First, RocketMQ reads and writes files using mMAP zero-copy, which translates operations on files into direct operations on memory addresses, greatly improving file read and write efficiency.

Secondly, the data in ConsumeQueue is stored sequentially, and the PageCache prefetch mechanism is introduced, which makes the reading of Consumequeue file almost close to the memory reading, even in the case of message accumulation will not affect the performance.

The PageCache mechanism is a file caching mechanism used by the OS to speed up read and write operations on files. Generally speaking, the sequential read and write speed of the program is almost as fast as the memory read and write speed. The main reason is that the OS uses PageCache mechanism to optimize the performance of the read and write operation and uses part of the memory for PageCache.

  • Write operation: The OS writes data to the PageCache and then asynchronously flushes the data from the Cache to physical disks by the PDFlush (Page dirty Flush) kernel thread
  • Read operation: If a user reads data from the PageCache, the user first reads the data from the PageCache. If the data is not matched, the OS loads the data from the physical disk to the PageCache and performs data in adjacent data blocks in sequenceProofread the take.

One area in RocketMQ that may affect performance is the commitlog file read. For commitlog files, there is a lot of random access to read messages, which can seriously affect performance. However, if you select an appropriate system I/O scheduling algorithm, such as Deadline (using SSDS), random read performance will also improve.

Comparison with Kafka

Much of RocketMQ comes from Kafka, where commitlogs and ConsumeQueues are commitlogs.

The commitlog directory in RocketMQ combined with consumeQueue is similar to a partition directory in Kafka. A mappedFile file is similar to a segment in Kafka.

Messages for a Topic in Kafka are split into one or more partitions. A partition is a physical concept that corresponds to one or more directories in a topic directory. The files contained in each partition, called segments, are the files that store messages.

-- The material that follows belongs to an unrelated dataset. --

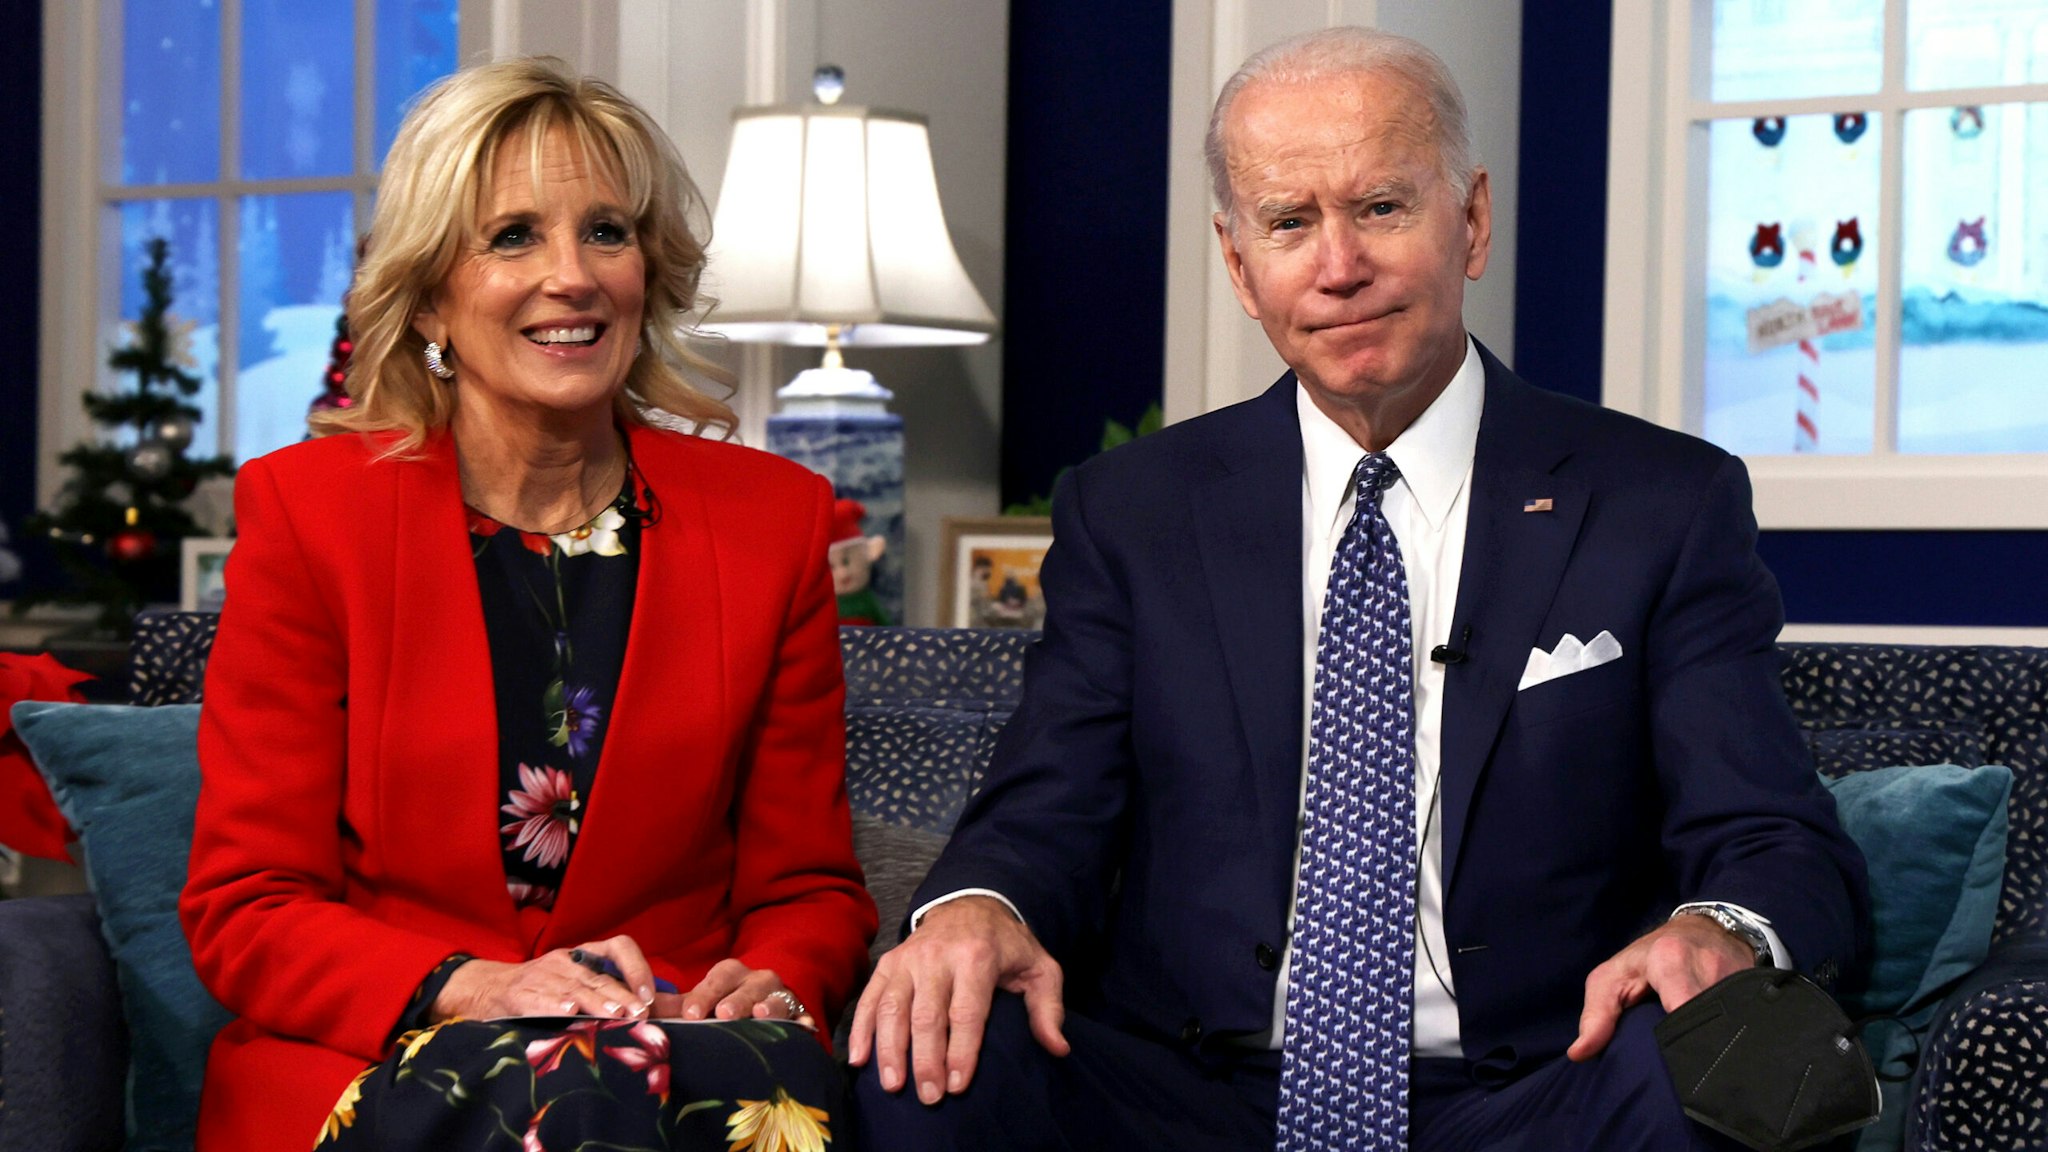 WASHINGTON, DC - DECEMBER 24: U.S. President Joe Biden and first lady Dr. Jill Biden participate in an event to call NORAD and track the path of Santa Claus on Christmas Eve in the South Court Auditorium of the Eisenhower Executive Building on December 24, 2021 in Washington, DC. The president and first lady also called to speak to Americans and thank military families.

Kafka stores messages in topic (partition) and segment (segment) directories

There is no concept of a Tag in Kafka

Index files are not required in Kafka. Since the producer writes the message directly to the partition, the consumer reads the data directly from the partition

Third, indexFile

In addition to the usual Topic row message consumption, RocketMQ provides the ability to query messages by key. This query is a quick query indexed by indexFile in the index subdirectory of the Store directory. Of course, the indexed data in this indexFile is written when the message containing the key is sent to the Broker. If the message does not contain a key, it will not be written.

1 Index entry structure

Each Broker contains a set of IndexFiles, and each indexFile is named after a timestamp (the timestamp at which the indexFile was created). Each indexFile consists of three parts: indexHeader, slots, and indexes. Each indexFile contains 500w slot slots. Many index units may be mounted to each slot.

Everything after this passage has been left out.